Here, the evidence is undisputed on the following issues. James was required to pay one-half of the uncovered medical expenses, he received explanation-of-benefits statements showing any unpaid balance, and he had the ability to pay and failed to pay his share. The only disputed issue was willfulness. James’s contention Christina agreed to this arrangement is not supported by the record. The agreement of the parties provided for both parents to carry insurance through their employment. Christina later became unemployed and did not have an employer through whom she could carry insurance. This did not relieve James of his obligation to maintain insurance or to cover one-half of the unpaid medical bills.

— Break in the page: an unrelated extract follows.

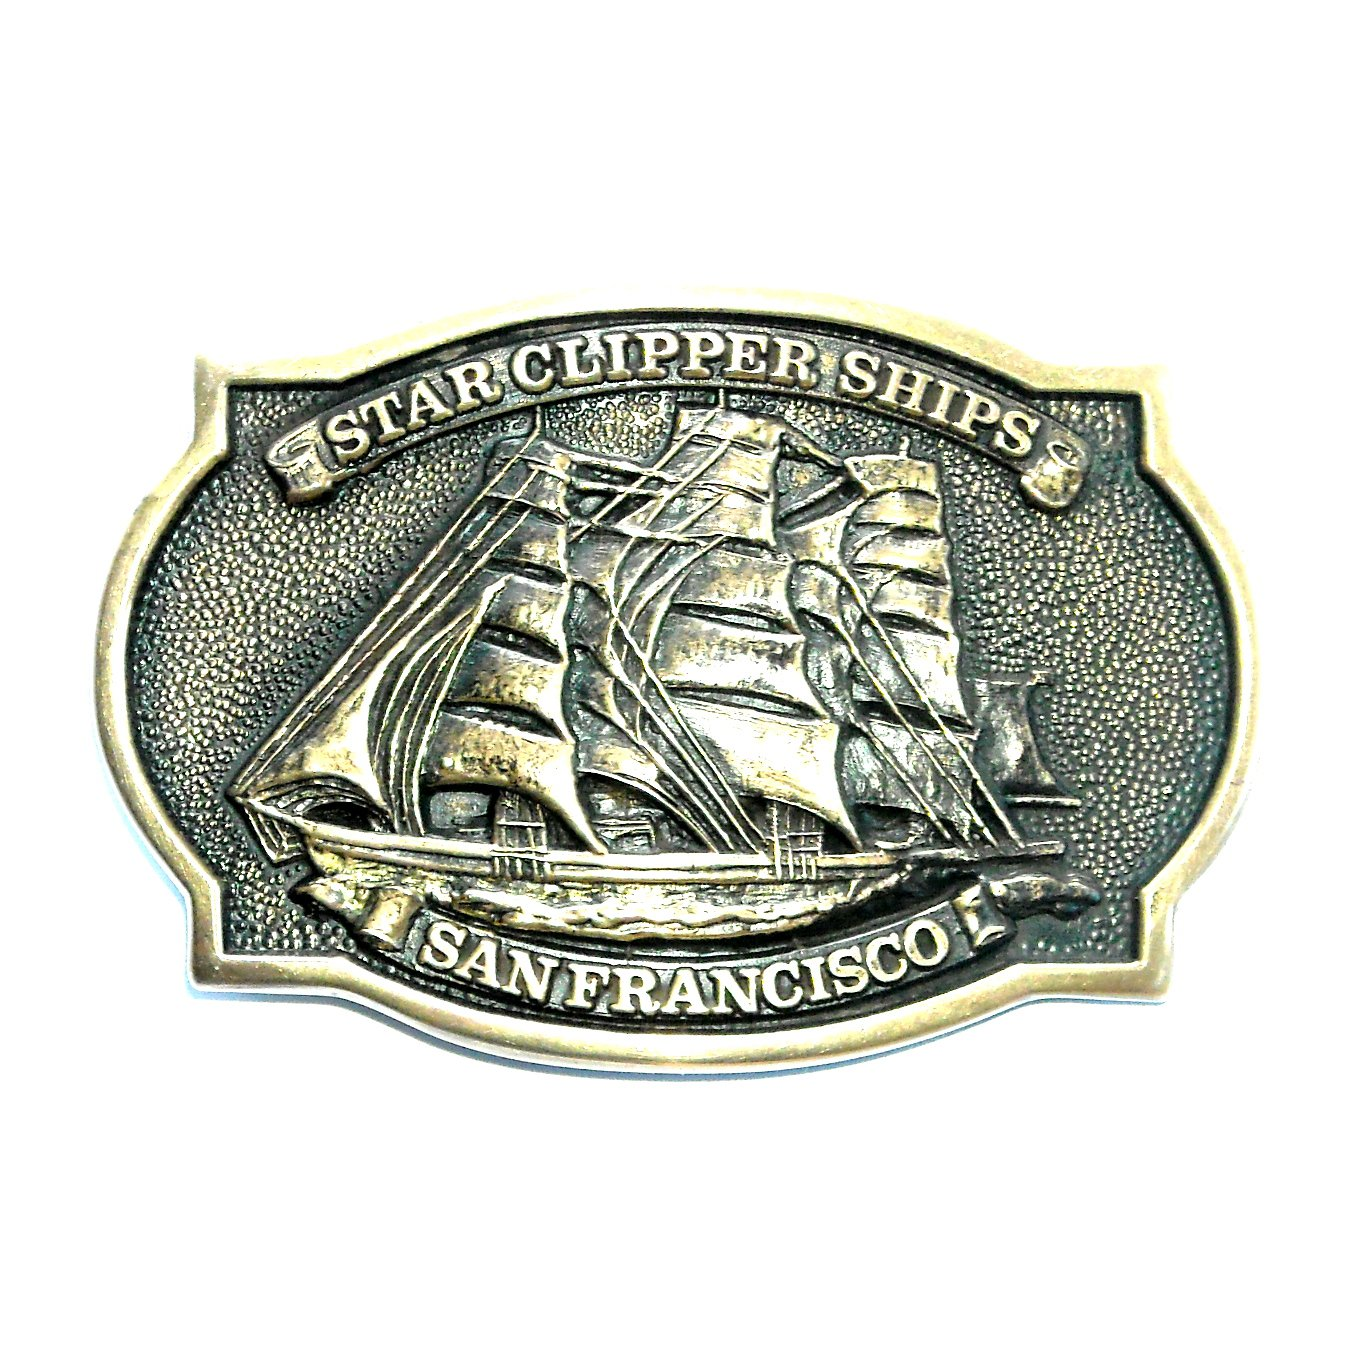 Star Clipper Ships San Francisco BTS Brass Vintage Belt Buckle

James never sought modification of the agreement in court nor could he produce any written documentation showing Christina’s agreement to any modification. He failed to pay any out-of-pocket expenses from 2005 on, despite demands for payment by Christina when she had a known address for him and a written demand by Christina’s attorney in August 2009. Following the filing of the contempt petition, James sent an e-mail to Christina stating he would pay 50% of the uncovered medical expenses. According to counsel during oral argument before this court, these expenses still have not been paid.

The trial court found, after hearing extensive testimony, James failed to pay his obligations, he had the ability to pay, and he failed to prove any agreement between the parties that would mitigate his conduct. I believe the trial court’s findings are not against the manifest weight of the evidence, and therefore I would have affirmed the trial court in toto.